If you live near Michael Phelps, don't answer the phone

How's this for gold-medal motivation? On July 31, just days before he headed to Beijing, Michael Phelps shelled out $36,538.46 for property taxes on his $1.7 million Fells Point townhouse.

That $1 million bonus Speedo dangled for tying Mark Spitz's seven golds? Taxes will eat that up in 28 years.


Maybe it's the city's high tax rate, or the real estate slump, but Phelps will have precious few neighbors once he's back from Beijing.

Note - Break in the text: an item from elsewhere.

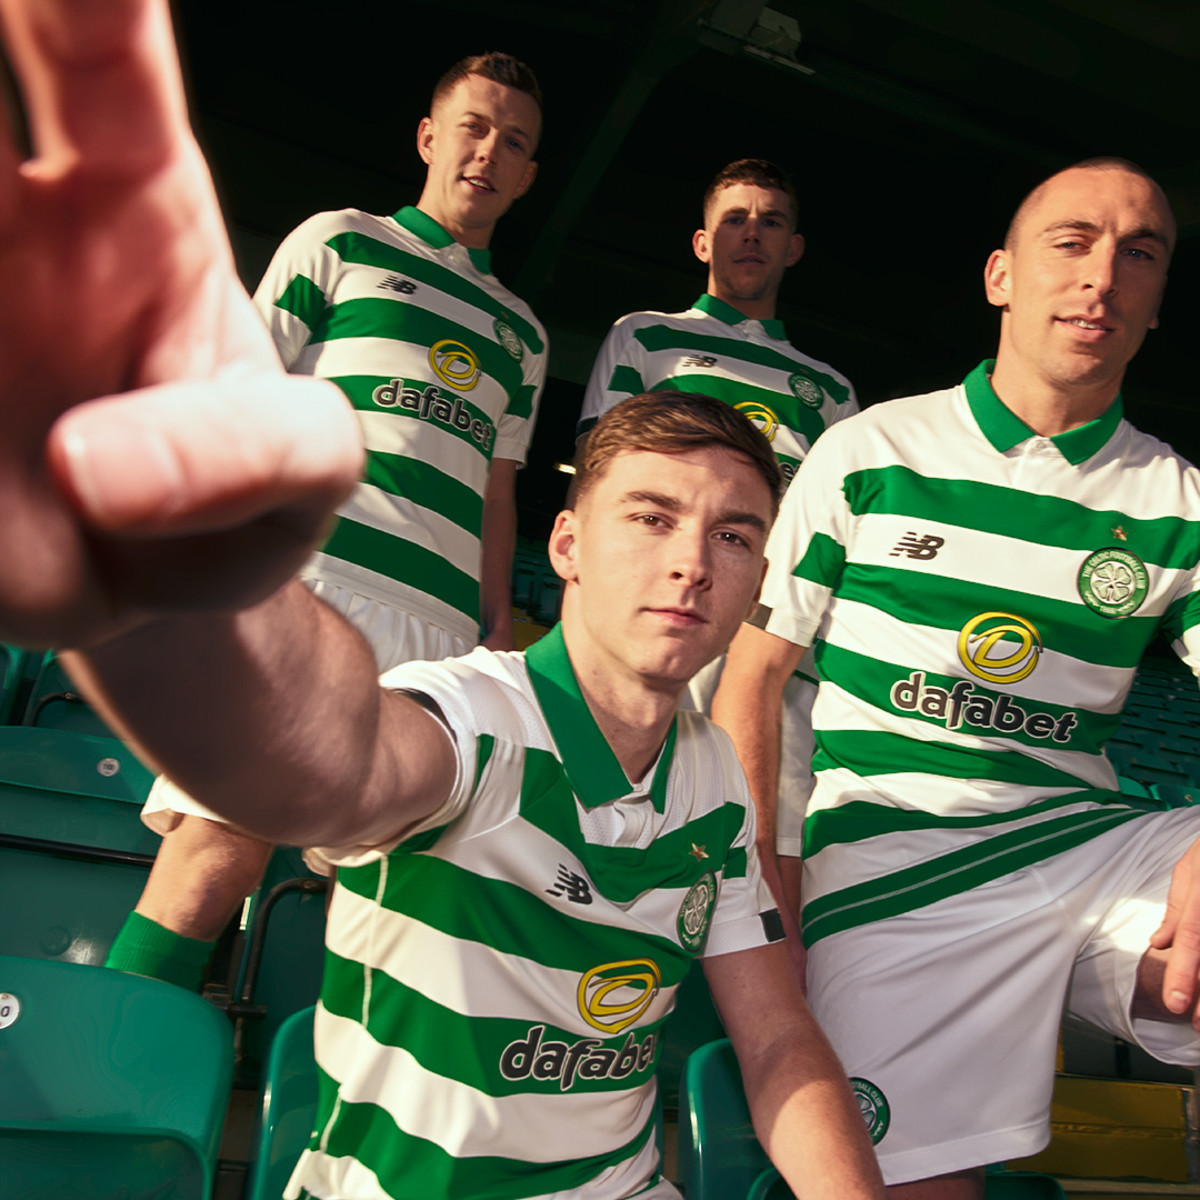 Celtic FC - The new Celtic 2013/2014 home kit is nearly here. Follow in the  footsteps of the icons who have worn the famous Celtic no.7 jersey and  #BeCeltic7 for the Season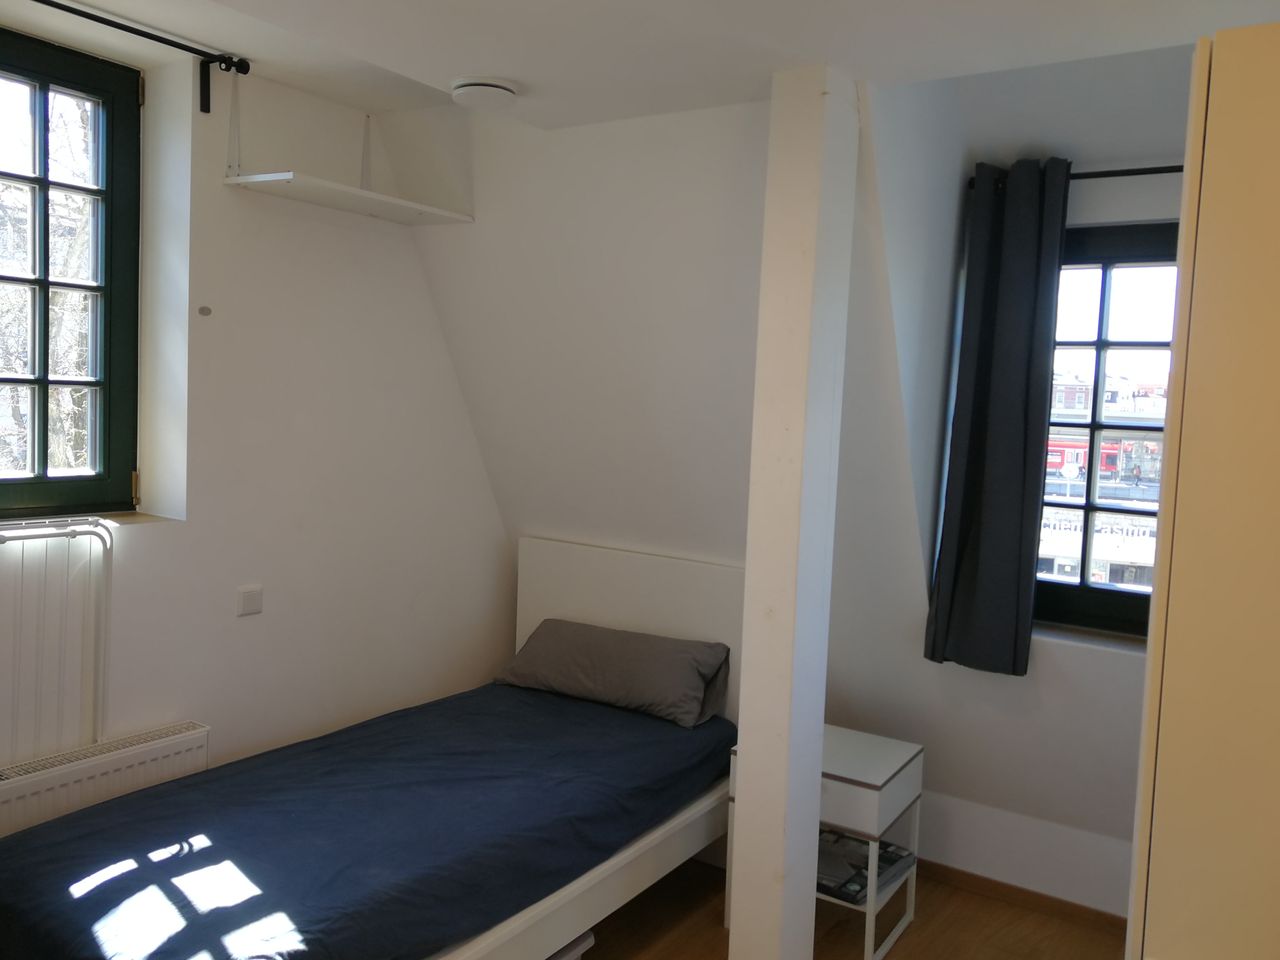 Studio apartment at Pasing station and shopping centre

His 4,080-square-foot townhouse is one of 10 built last year on the waterfront at the end of a cobblestoned Fells Point street. Priced from $1.4 million to $1.85 million, they boast marina views, hardwood floors, granite counters and - no small luxury in that part of town - parking!


But only three of the 10 units have sold, one to a pair of doctors, the other to what passes for royalty around here: a pothole heir. (More on him later.)

Perhaps the lack of residents at this luxury complex will give Phelps some privacy. But so far, the opposite is true for his few neighbors.

Using the tech savvy usually reserved for omigod!-quality messaging, Phelps fans have mined real-estate closing documents and struck gold: the cell phone number and e-mail address for the guy who lives two doors down.

"I'm getting text messages from girls, 'Oh my God! He's so cute!' " said A.T. Ward, aka Arthur Thomas Ward IV, the aforementioned pothole heir.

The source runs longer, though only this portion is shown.